Okay, so knowing that I'm copying larger portions of the array than might be necessary, can I improve the collection any? If I center my elements in my array and allow copying of only half the array at any time by moving elements not only forwards, but also backwards, then I can cut down on some of the movement within the array. The trade-off is that the mechanics or complexity of adding items and accessing the array becomes more complex. I'll blow up an article with 5 or 6 custom collections I've written at some other time. For now, have some numbers just to see the advantages of making a complex code change, that allows more logical manipulation of the underlying data. Notice how the balanced sorted list is faster at inserting into a larger collection, but they are fairly equal at smaller numbers. I've also included an Array sorting sample that does a sort at the very end of placing all of the numbers. If your algorithm doesn't need to incrementally append items then the sorting is always going to be your best option.

Current Count: 10
Sorted Array: 00:00:02.8140464
Balanced Sorted Array: 00:00:02.7539600
Array Sort: 00:00:01.3319152

Current Count: 50
Sorted Array: 00:00:01.6423616
Balanced Sorted Array: 00:00:01.6824192
Array Sort: 00:00:00.8612384

Current Count: 100
Sorted Array: 00:00:03.5050400
Balanced Sorted Array: 00:00:03.6151984
Array Sort: 00:00:01.8827072

Current Count: 250
Sorted Array: 00:00:05.0272288
Balanced Sorted Array: 00:00:05.1273728
Array Sort: 00:00:02.6237728

Current Count: 500
Sorted Array: 00:00:02.3734128
Balanced Sorted Array: 00:00:02.2231968
Array Sort: 00:00:01.1216128

Current Count: 1000
Sorted Array: 00:00:05.9785968
Balanced Sorted Array: 00:00:05.2074880
Array Sort: 00:00:02.3934416

Current Count: 5000
Sorted Array: 00:00:08.0315488
Balanced Sorted Array: 00:00:05.2675744
Array Sort: 00:00:01.3619584

Current Count: 40000
Sorted Array: 00:00:40.8988096
Balanced Sorted Array: 00:00:22.1418384
Array Sort: 00:00:01.2417856

Published Thursday, September 23, 2004 8:32 PM by Justin Rogers
Filed under: ,

Comments

Friday, September 24, 2004 11:58 AM by Barry Kelly

# re: Creating custom collections for better performance and filling in BCL holes.

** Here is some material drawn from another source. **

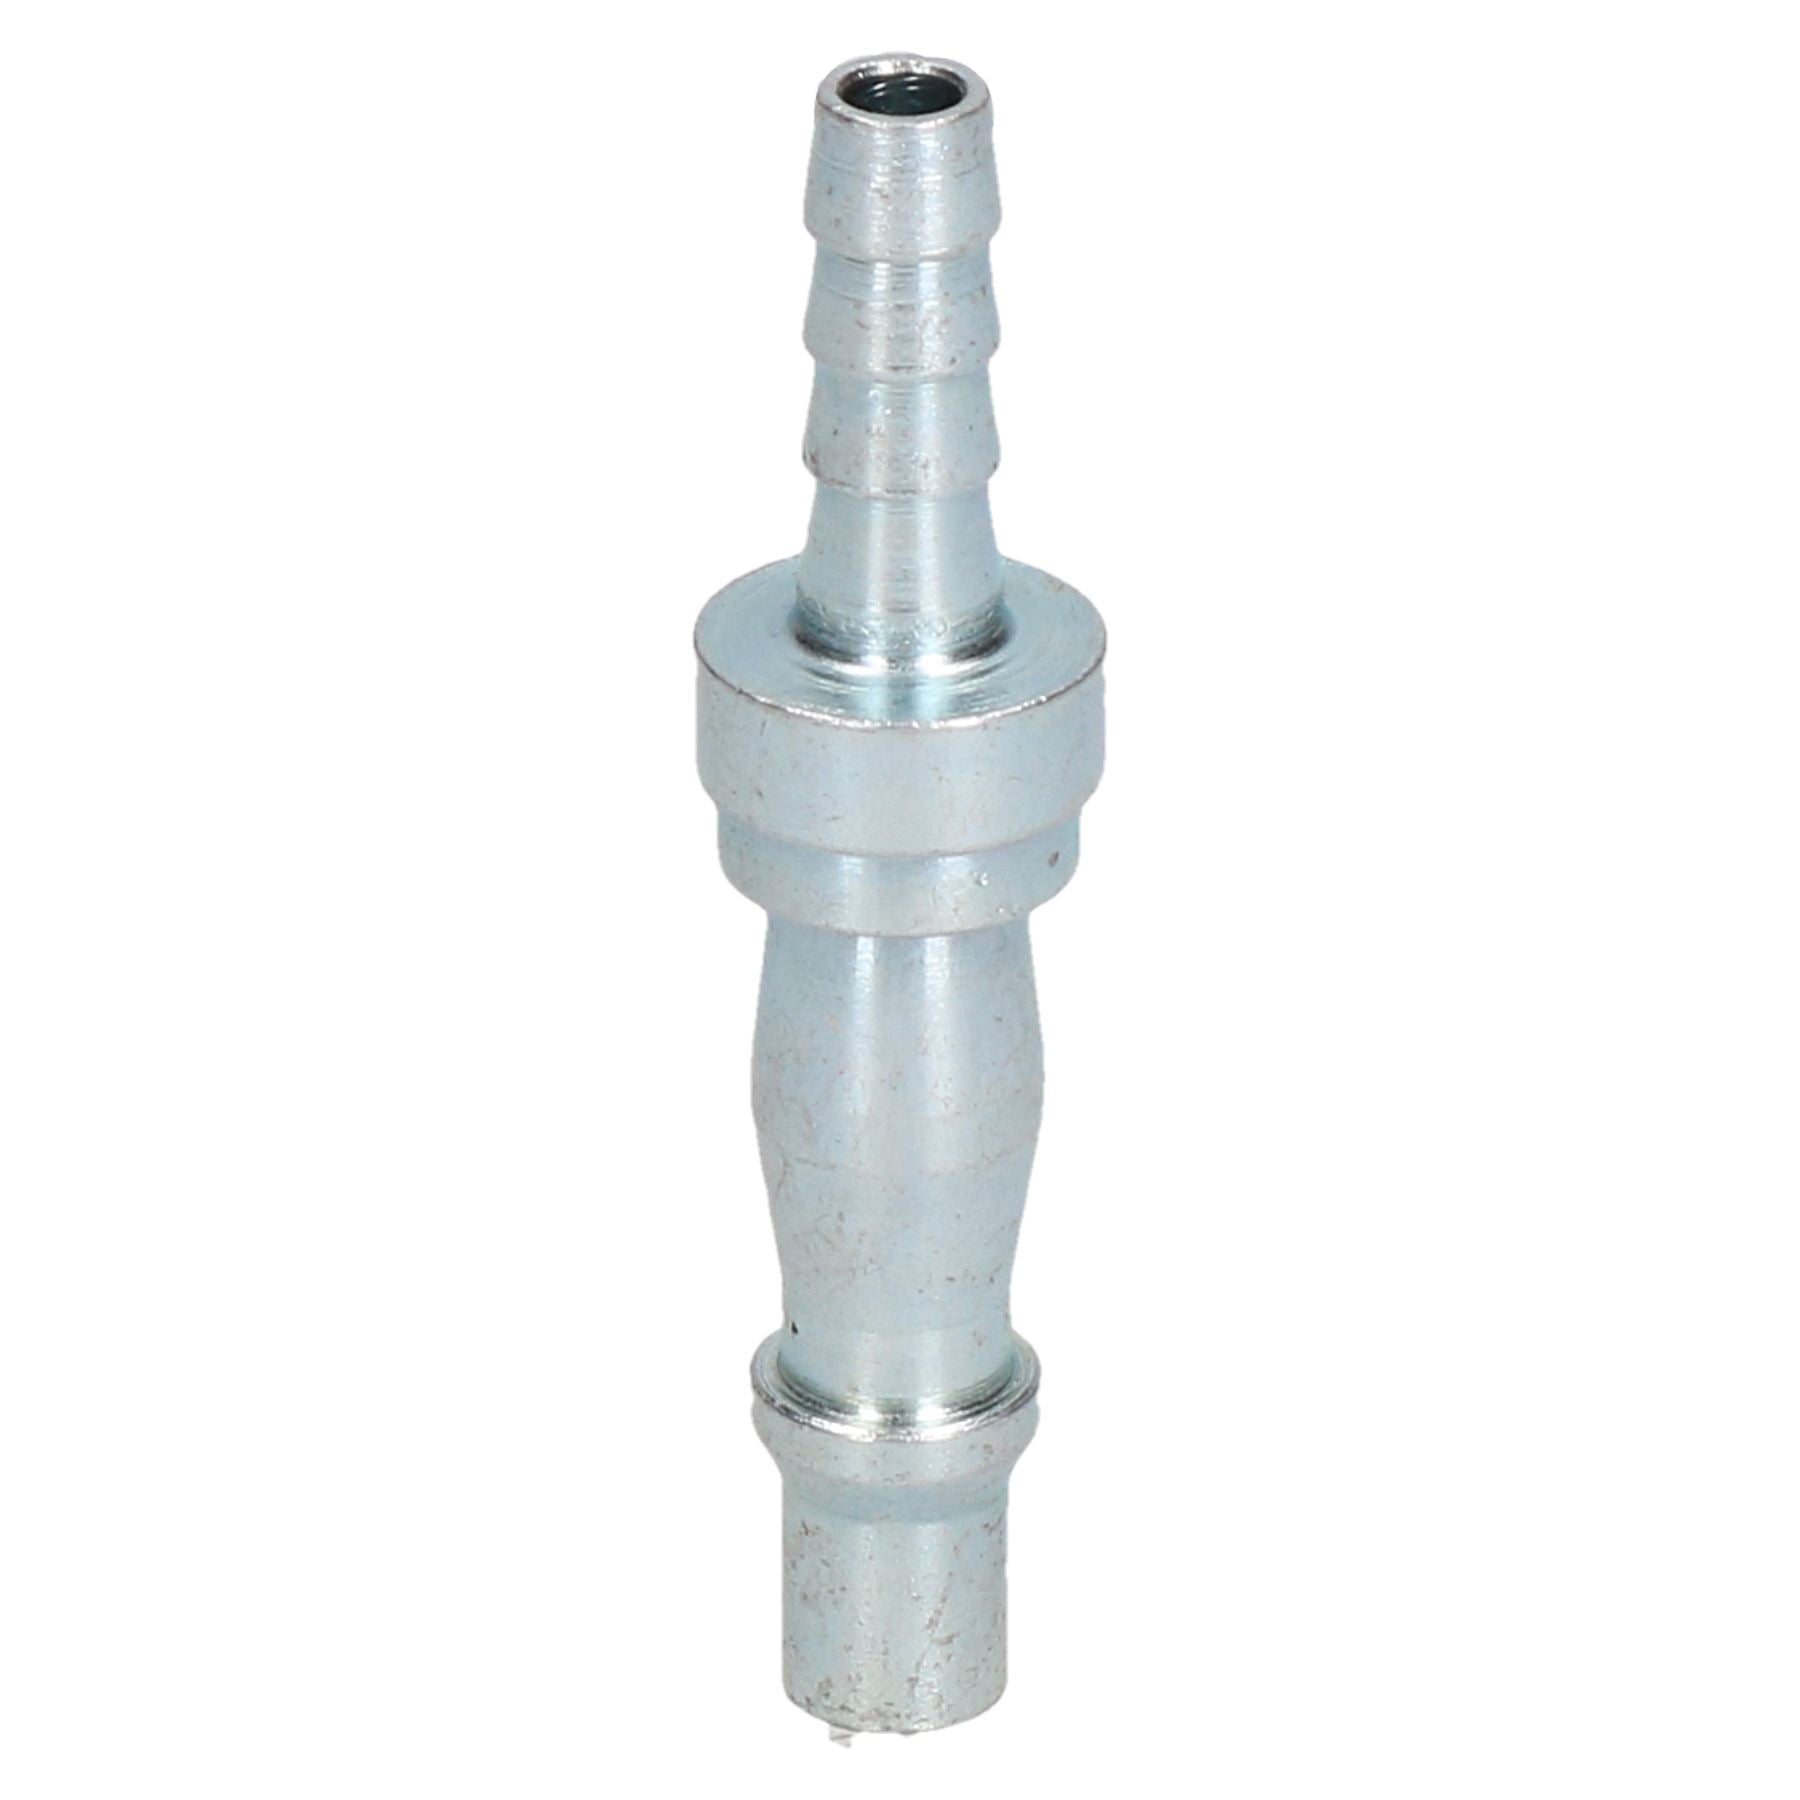 PCL Airflow Male Adaptor Plug 6.35mm (1/4") Hose Tail Barb Air Hose Connector

You reckon you should use Buffer.BlockCopy instead of Array.Copy for copying arrays of primitive types.

On the other hand, I wouldn't use your insertion mechanism at all - it's got O(n^2) complexity. Skip lists are easier to program than binary trees and give probabilisticly similar results.

-- Barry Kelly
Friday, September 24, 2004 5:48 PM by Justin Rogers

# re: Creating custom collections for better performance and filling in BCL holes.

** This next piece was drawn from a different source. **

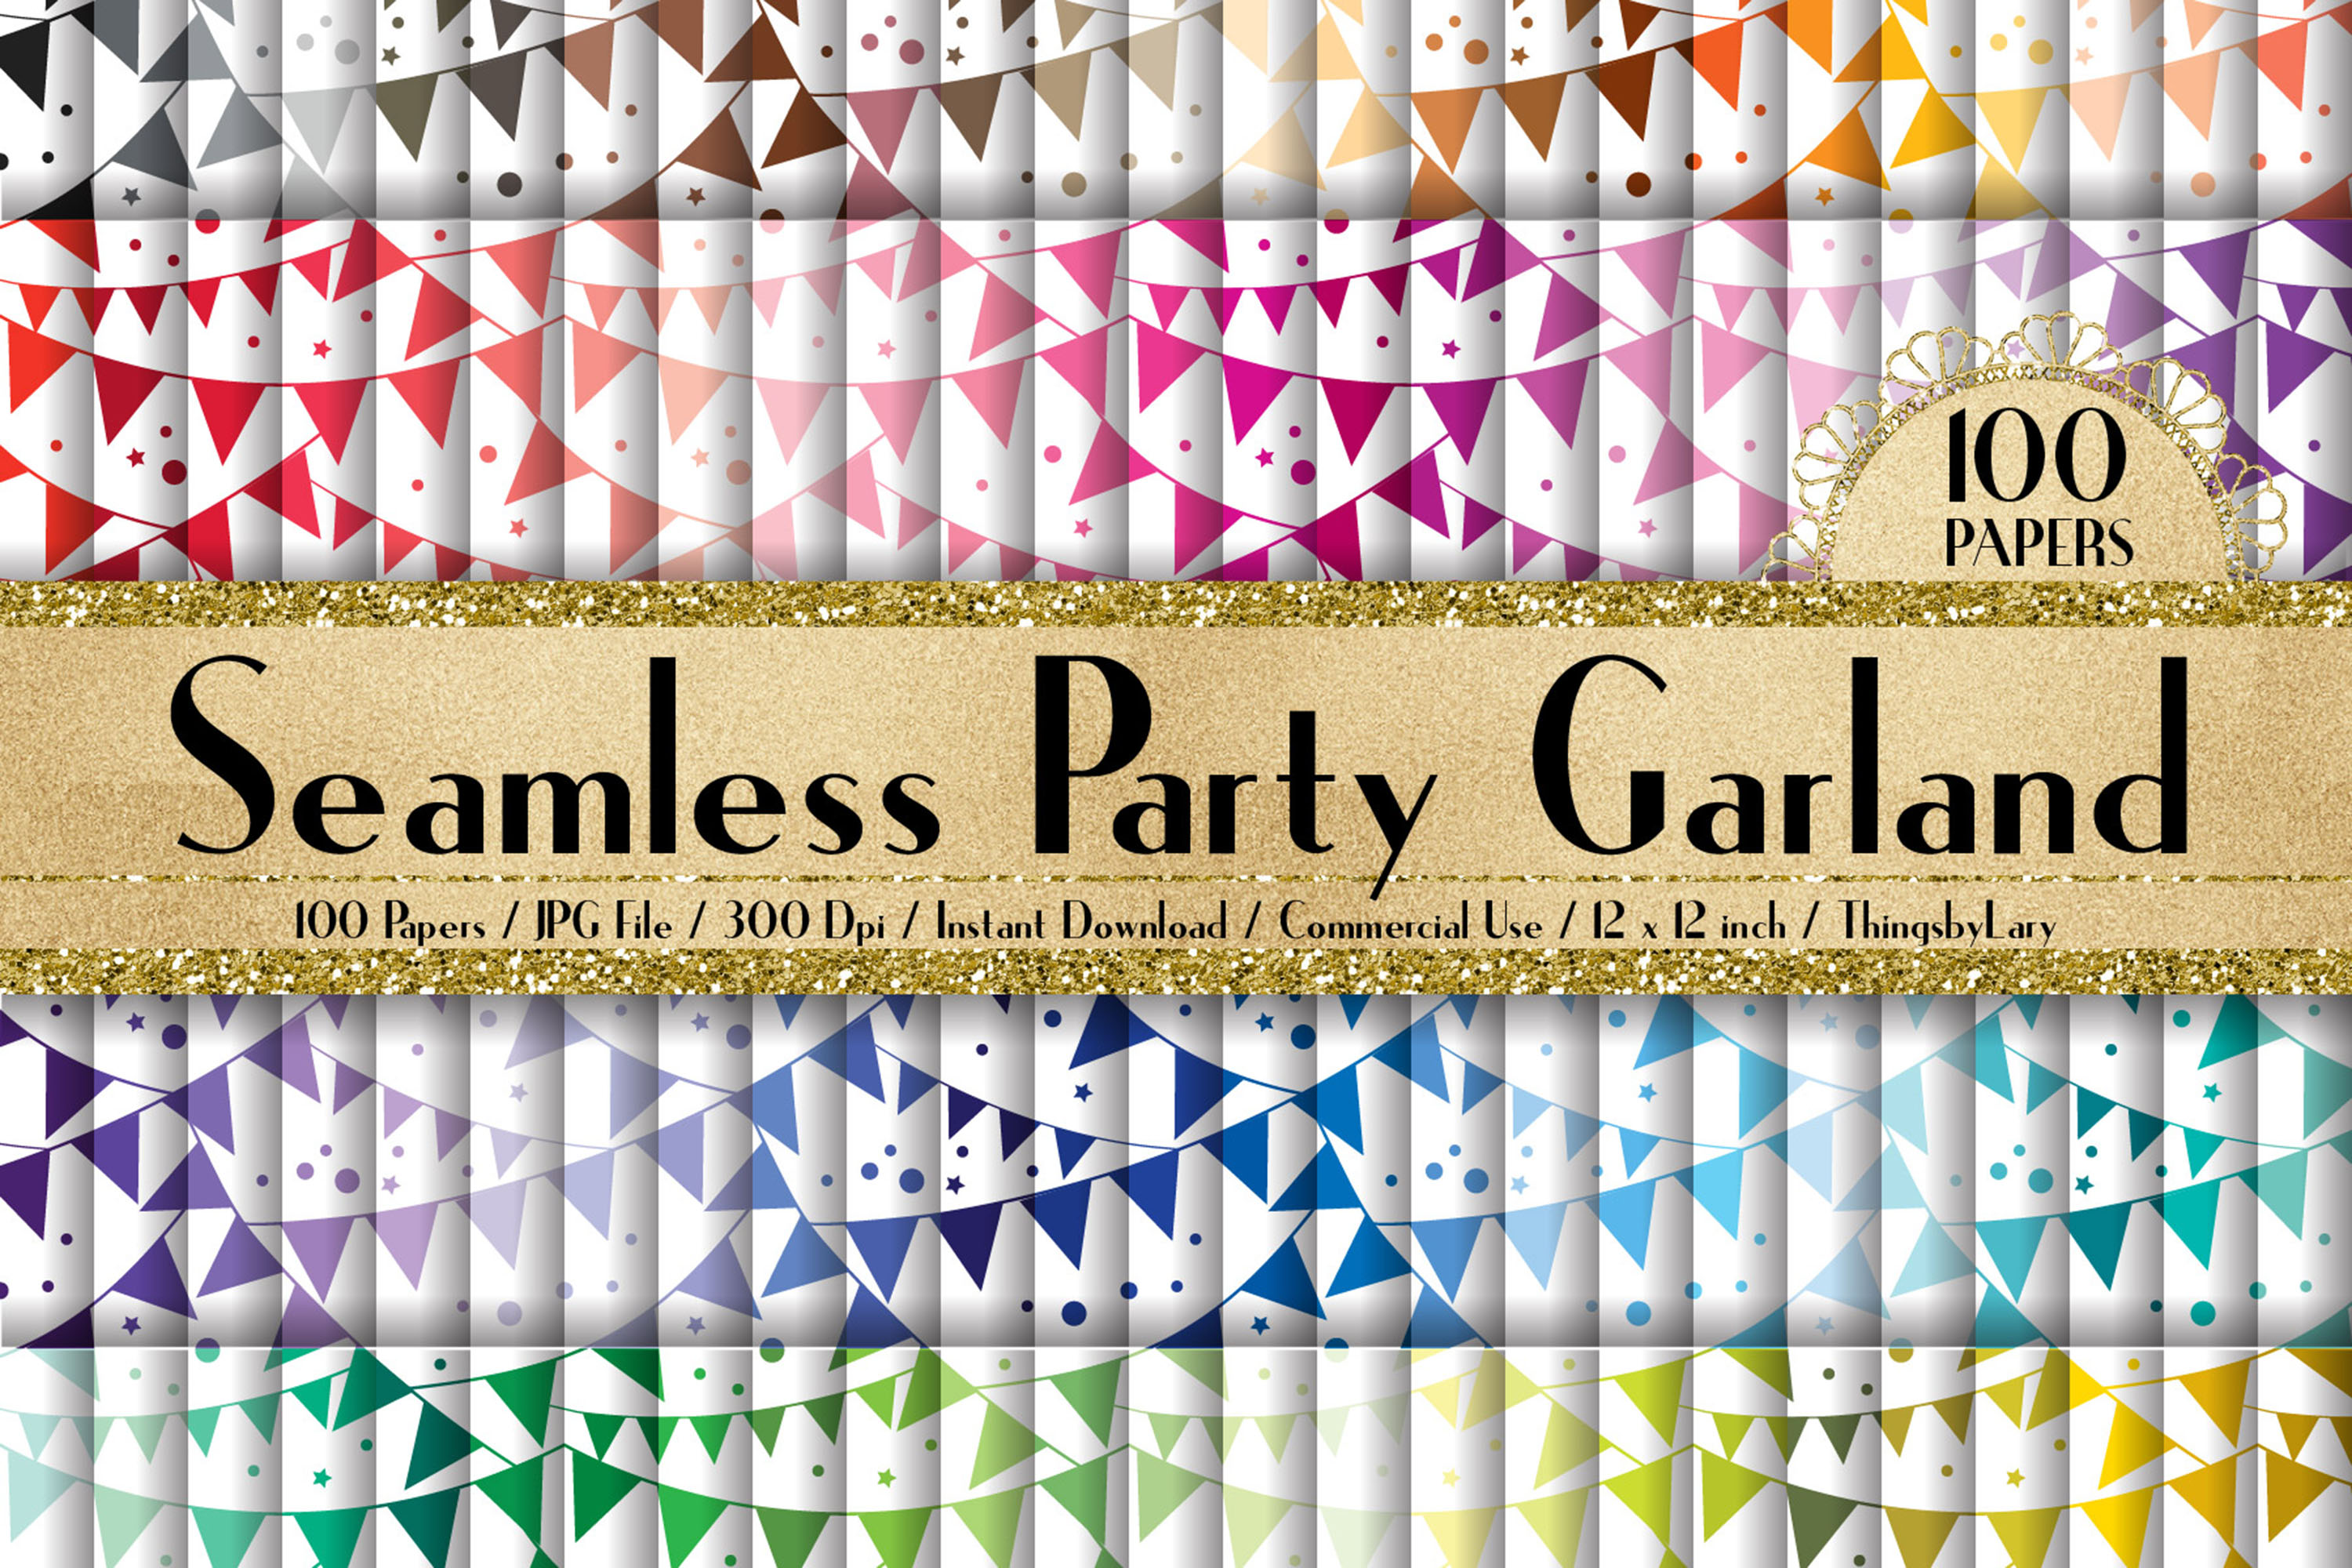 100 Seamless Party Garland Digital Papers, Birthday Party

You might think that Buffer.BlockCopy would buy you something. Turns out, it can either save or lose you fractions of seconds on any of the given tests. You tend to get 5% faster results on the smaller lists and then the error changes +/- 5% as the lists begin to get larger. That makes Array.Copy pretty efficient.

I'm not sure anyone was talking about a binary tree. I surely wasn't. I was talking about a balanced, sorted array, which is completely different. The only removal of complexity in the balanced sorted array is shifting half of the array rather than the full array.

If you have a faster algorithm, lets see the code. This definitely fills a whole somewhere since the functionality isn't in the BCL by default, it maintains only a single array for data storage making it behave like other collections classes, and it is much faster than something like the SortedList which replicates data when you want a value sorted collection. It is also easy to make thread-safe with regards to atomic insertion, while still allowing reads in between writes.
Saturday, September 25, 2004 1:18 PM by Barry Kelly

# re: Creating custom collections for better performance and filling in BCL holes.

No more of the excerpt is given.